Sharepoint Include and Exclude Content and the Site Directory

Internally we're using several site directories around the portal to categorize external content, both WSS sites and other stuff.

We are pretty liberal in allowing people to create sites and add links to sites with relevance. There's YASQ related to this. First let me explain how the Site Directory area template works.

The Site Directory template is really just an Area with a list. I usually compare the Directory to a whitepages listing that allows you to tag content with metadata, like you tag people with addresses and phone numbers in the phonebook. If your address changes there are no high coupling to the phonebook so using Site Directories provides more flexibility than creating site hierarchies in WSS to indicate associations.

When clicking "Create Site" from the Site Directory Area Template (no matter where it is instantiated) you're basically going to perform three functions:

  1. Create a new top-level WSS site (yes, always top-level)
  2. Create an entry in the "whitepages", i.o.w. tagging your new site with metadata relevant for the Area you're creating it from (we often customize the list to provide accurate categories and metadata)
  3. Register the site/external resource for search (make it appear in the "Manage crawls of Site Directory -> Approved Sites")

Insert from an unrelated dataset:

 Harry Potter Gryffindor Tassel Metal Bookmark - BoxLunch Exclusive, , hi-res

So, no matter where you create a Site Directory in your portal, the template is going to perform these operations. By default all sites will also be registered for search in the same place, not differentiating on which Area you created the site from.

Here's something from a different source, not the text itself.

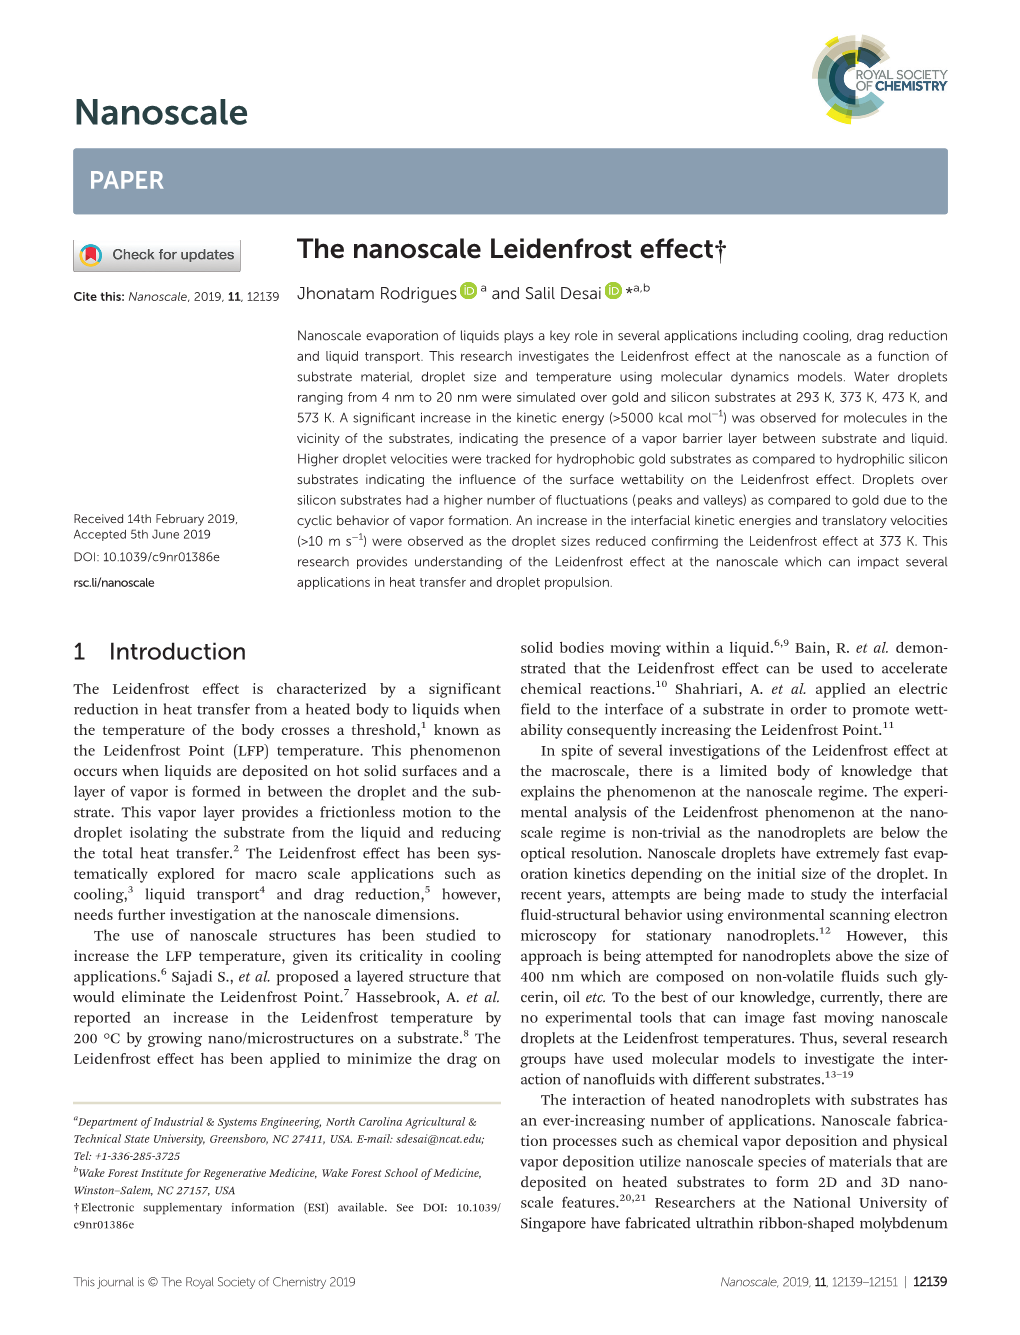 The Nanoscale Leidenfrost Effect

The other function provided by the Site Directory template is "Add link to site". This allows users to add unlisted WSS sites or external content to the directory, and also make Sharepoint crawl these resources and include them for search. For internal WSS sites all is good, but if you add an external resource using this function you might get a nasty surprise.

I added my weblog to our portal Site Directory with the url http://weblogs.asp.net/mnissen. Forgetting about this YASQ I arrived the next morning finding that our portal was still indexing content starting 01:00 AM last night. Sharepoint was indexing the entire http://weblogs.asp.net site, thank God I hadn't "Include linked content" enabled.

To correct this behaviour I had to add a couple of new rules to the Non_Portal_Content index. One excluding http://weblogs.asp.net/* and one including http://weblogs.asp.net/mnissen/*. I feel somehow that this should have been the default behaviour, and provide this as a clear warning to administrators that enable the "Add link to site" feature without approvals. For every external resource included in the site directory you have to think carefully about your include and exclude rules.

3 Comments

  • Maybe you can help me with a little stuff that I need to do...



    I need to create a web part that lists the same stuff listed in Site Directory... But I got some limitations.



    I can't have directly access to the SQL Database and I can't use the Administration's Class (I don't got the service account to impersonate)...



    Is there another way?



    Thanks.

  • Use the sharepoint lists webservice. Download the Sharepoint SDK for details.

  • So, I don't got any solution using API?

Comments have been disabled for this content.